Er musste der Anführer sein, den das Schattenrudel brauchte. Durfte keine Schwäche zeigen. Fast als wolle er überprüfen, ob Trance genau dies tat, streckte in diesem Moment Fyn seinen Kopf in den Anführerbau, nur, um im nächsten Moment schon wieder verschwunden zu sein. Nur kurz hatte der Blick aus Trance´s im Schatten so dunkelblau scheinenden Augen den bernsteinfarbenen Blick von Fyn getroffen. Sich einmal kurz das Fell schüttelnd stand er in einer einzigen, fließenden Bewegung auf. Dann verließ er seinen Bau, ließ die Wärme der Sicherheit hinter sich.

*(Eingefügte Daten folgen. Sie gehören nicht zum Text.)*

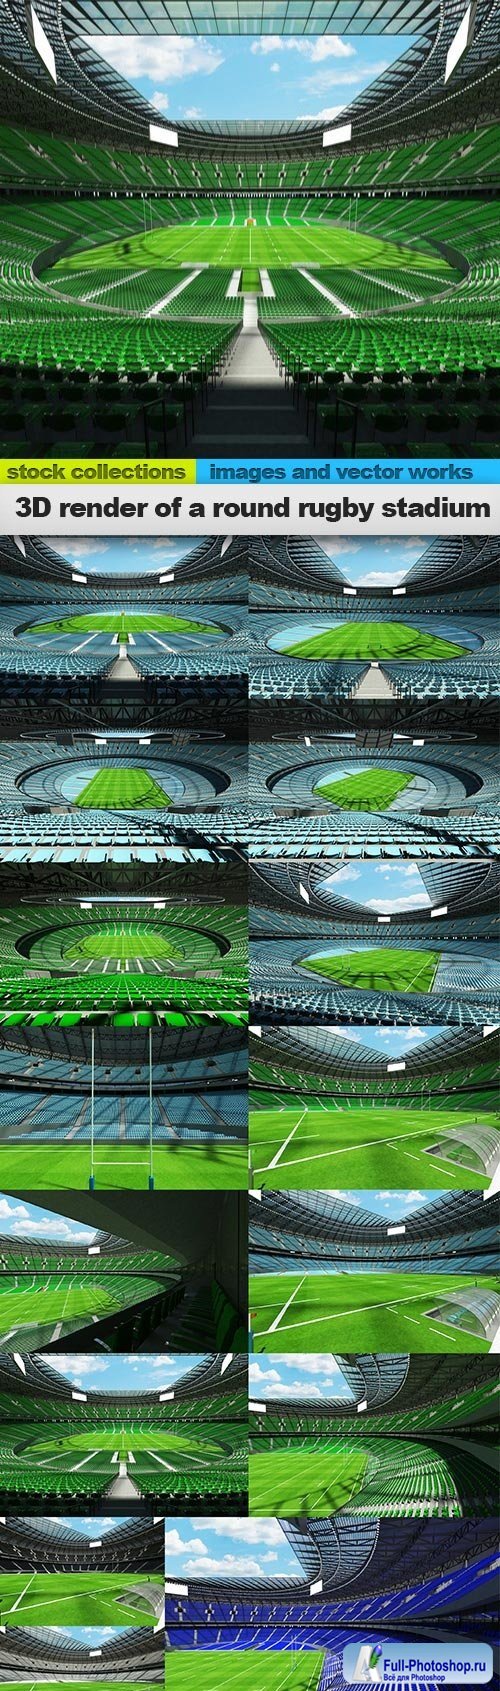 3D render of a round rugby stadium, 15 x UHQ JPEG

Schon vorher, als er noch in seinem Bau in Gedanken versunken dasaß, hatte er Marrow´s Rufen wahrgenommen, doch nicht wirklich beachtet. Doch nun ging er kurz dort vorbei, wo sie, noch relativ flach, über den Boden flog und nickte ihr und denen, die in ihrer Nähe standen einmal als Begrüßung zu.
Dann begab er sich zu der Kinderstube, seine Schritte ruhig, während er sich in dem langsam erwachenden Lager umsah. Das Lager, in dem er nun schon so lange lebte, dessen Anführer er war und in dem er sich trotzdem so fremd fühlte. Kein Gefühl war in seinen Augen zu erkennen, er verdrängte es, denn er war nicht mehr der, der er früher gewesen war. Er ließ sich nicht von seinen Gefühlen leiten, nicht mehr. Er hatte Aufgaben zu erledigen, mit den Jungen von Meadow musste die Namenszeremonie abgehalten werden. Die offizielle Aufnahme in das Rudel. An der Seite ihrer Geschwister und Mutter. Etwas, das ihm selbst nie vergönnt gewesen war. Doch hätte er es denn überhaupt gewollt? Der Gedanke an seine Mutter rief keinerlei Vertrautheit in ihm wach, nur das vertraute, alles verbrennende Gefühl von Hass. Und ein Hauch von Sehnsucht.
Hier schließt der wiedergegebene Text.